Your objective
In the records that come next, find every line with "Wohnzimmer". Return those lines.

(Records contained in a dataset)
━━━━━━━━━━━━━━━━━━━━━━━━━━━━━━

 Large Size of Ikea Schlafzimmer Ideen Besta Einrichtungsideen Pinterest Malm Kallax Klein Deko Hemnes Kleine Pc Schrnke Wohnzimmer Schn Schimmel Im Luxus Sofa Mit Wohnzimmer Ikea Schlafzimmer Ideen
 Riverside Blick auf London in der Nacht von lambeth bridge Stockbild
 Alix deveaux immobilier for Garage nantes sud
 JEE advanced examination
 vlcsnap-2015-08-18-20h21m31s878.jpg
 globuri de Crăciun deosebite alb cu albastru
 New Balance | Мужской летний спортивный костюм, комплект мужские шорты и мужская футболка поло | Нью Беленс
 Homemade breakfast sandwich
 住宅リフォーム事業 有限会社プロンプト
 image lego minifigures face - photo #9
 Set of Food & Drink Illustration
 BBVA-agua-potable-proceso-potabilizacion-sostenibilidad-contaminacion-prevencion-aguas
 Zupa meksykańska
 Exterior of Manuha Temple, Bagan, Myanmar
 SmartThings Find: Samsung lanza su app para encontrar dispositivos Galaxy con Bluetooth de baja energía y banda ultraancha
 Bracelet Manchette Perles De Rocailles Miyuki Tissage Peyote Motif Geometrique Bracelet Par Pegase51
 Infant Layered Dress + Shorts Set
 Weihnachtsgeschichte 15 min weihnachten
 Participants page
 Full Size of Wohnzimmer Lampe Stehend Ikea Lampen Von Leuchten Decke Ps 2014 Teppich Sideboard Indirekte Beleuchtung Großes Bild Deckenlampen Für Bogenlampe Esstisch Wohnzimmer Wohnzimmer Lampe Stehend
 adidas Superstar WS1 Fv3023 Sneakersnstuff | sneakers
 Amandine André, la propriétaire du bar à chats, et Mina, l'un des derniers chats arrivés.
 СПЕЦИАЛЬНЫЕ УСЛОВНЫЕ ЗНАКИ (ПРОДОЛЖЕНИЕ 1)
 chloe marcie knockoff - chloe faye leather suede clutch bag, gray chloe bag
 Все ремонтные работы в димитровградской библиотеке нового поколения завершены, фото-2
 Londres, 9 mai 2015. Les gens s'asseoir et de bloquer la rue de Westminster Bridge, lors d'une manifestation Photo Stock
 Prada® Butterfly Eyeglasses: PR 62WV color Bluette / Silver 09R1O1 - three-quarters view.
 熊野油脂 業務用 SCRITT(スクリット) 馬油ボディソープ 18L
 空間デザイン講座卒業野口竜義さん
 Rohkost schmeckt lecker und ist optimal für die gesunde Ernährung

━━━━━━━━━━━━━━━━━━━━━━━━━━━━━━

Expected output
 Large Size of Ikea Schlafzimmer Ideen Besta Einrichtungsideen Pinterest Malm Kallax Klein Deko Hemnes Kleine Pc Schrnke Wohnzimmer Schn Schimmel Im Luxus Sofa Mit Wohnzimmer Ikea Schlafzimmer Ideen
 Full Size of Wohnzimmer Lampe Stehend Ikea Lampen Von Leuchten Decke Ps 2014 Teppich Sideboard Indirekte Beleuchtung Großes Bild Deckenlampen Für Bogenlampe Esstisch Wohnzimmer Wohnzimmer Lampe Stehend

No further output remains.